In Trinidad, Port of Spain is the main place of sex work, including street prostitution on Roberts and Murray Streets. New brothels continue to open across the country, particularly in the south where they are incorporated into small bars and rum shops and are difficult to detect, and in central, where they operate out of a normal-looking flats in a neighbourhood. Many of the sex workers come from Colombia, Dominican Republic, Venezuela, and Cuba. Some regularly commute between their home nation and Trinidad.

Prostitution is less common in Tobago, some prostitutes from Trinidad move to Tobago for the tourist season.

The country is a sex tourism destination.
Tobago is also known as a destination for female sex tourism.

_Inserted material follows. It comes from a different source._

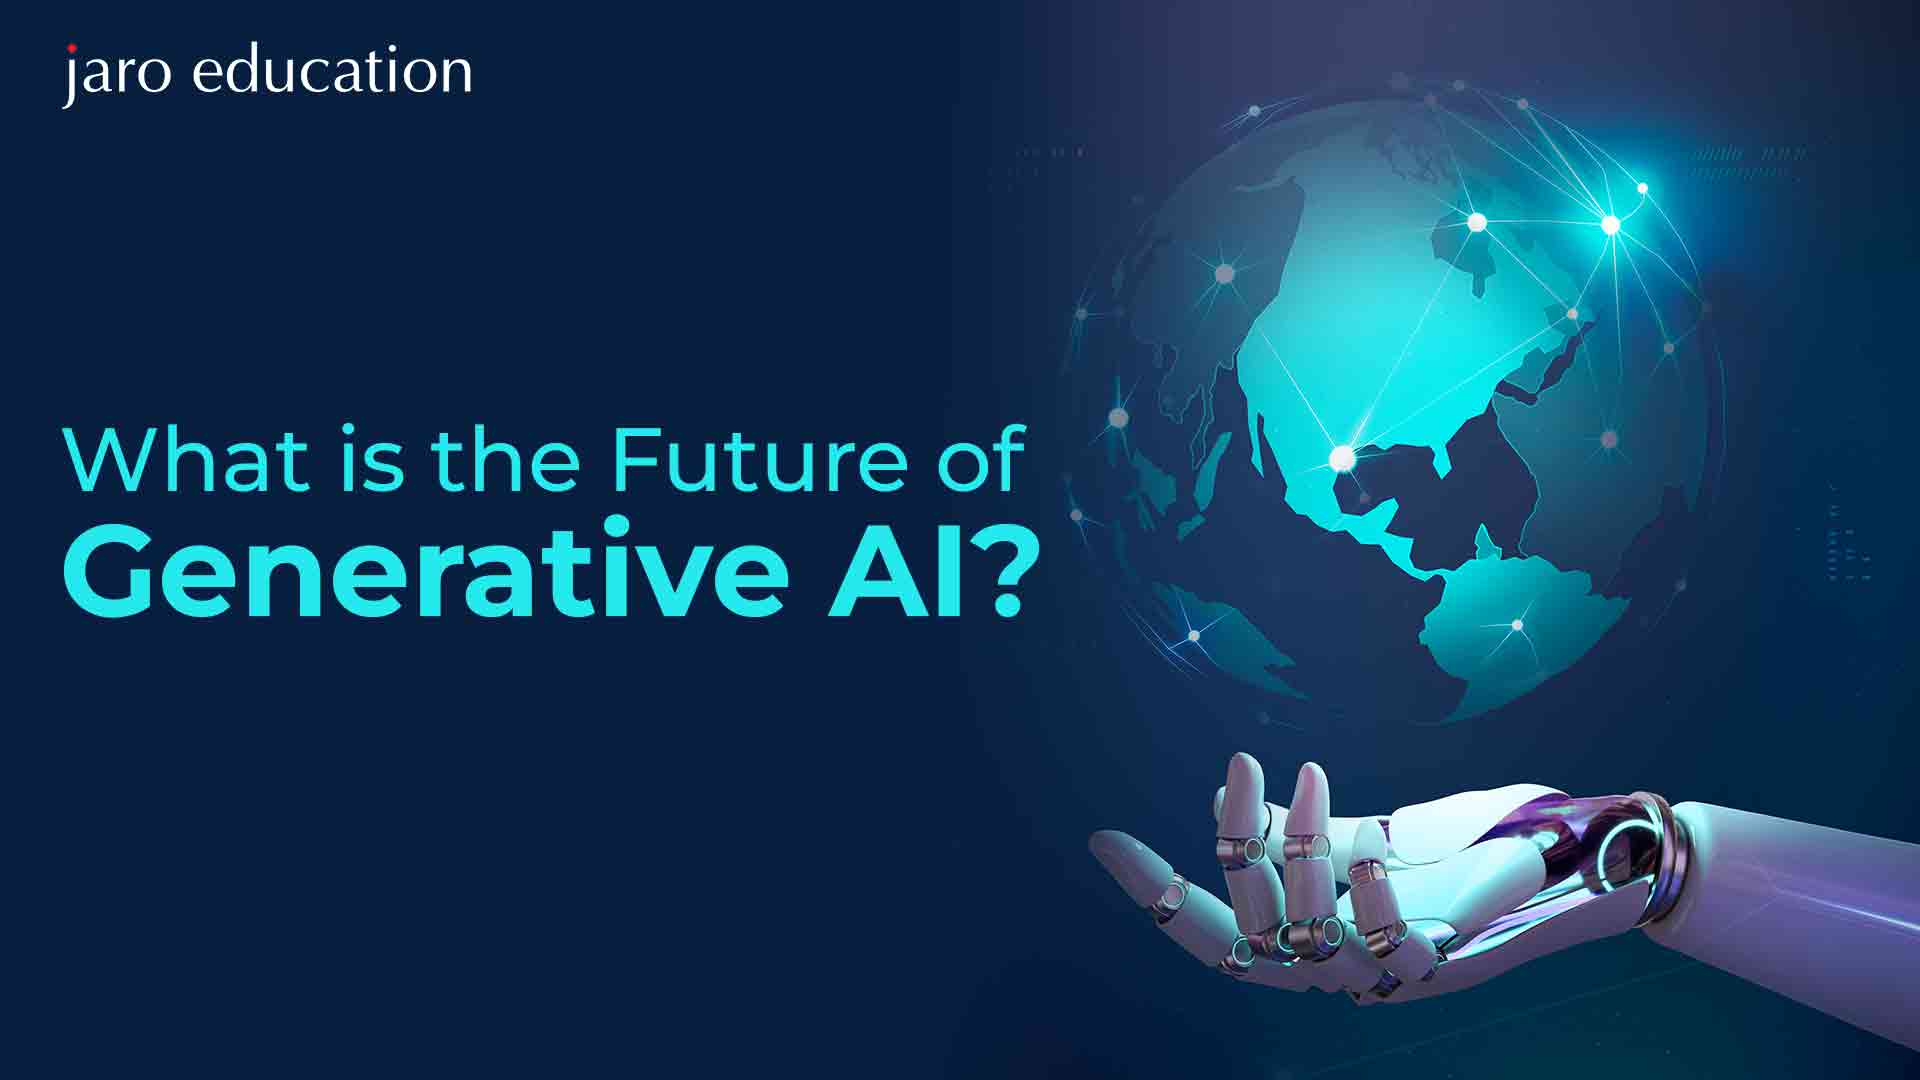 What is the Future of Generative AI

Sex trafficking is a problem in the country, as is child prostitution.

==Legislation==
Being a former British colony, much of the prostitution law mirrors that of the UK:

- The 1921 Summary Offences Act
  - Section 46: any woman loitering about and soliciting passers-by for the purpose of prostitution, on the second occasion, may be deemed a rogue and vagabond, and shall be liable to imprisonment for two months
- The 1986 Sexual Offences Act
  - Section 17: Any person who procures another for prostitution; or procures another to become an inmate of or to frequent a brothel; is guilty of an offence and is liable on conviction to imprisonment for fifteen years
  - Section 19: A person who detains another against that other's will in any brothel, is guilty of an offence and is liable on conviction to imprisonment for ten years.
  - Section 22: A person who keeps or manages or acts or assists in the management of a brothel; or being the tenant, lessee, occupier or person in charge of any premises, knowingly permits the premises or any part thereof to be used as a brothel or for the purposes of prostitution; is guilty of an offence and is liable on conviction to imprisonment for five years.
  - Section 23. (1) A person who—
    - (a) knowingly lives wholly or in part on the earnings of prostitution; or
    - (b) in any place solicits for immoral purposes,
is guilty of an offence and is liable on conviction to imprisonment for five years
- Human trafficking is dealt with by the Trafficking In Persons Act 2011.

==History==
===Colonial period===
During the slave period, slaves could sometimes be hired as prostitutes. After the abolition of slavery (1838), many mulatto women became prostitutes or brothel madams, often moving from rural areas to towns such as Port of Spain.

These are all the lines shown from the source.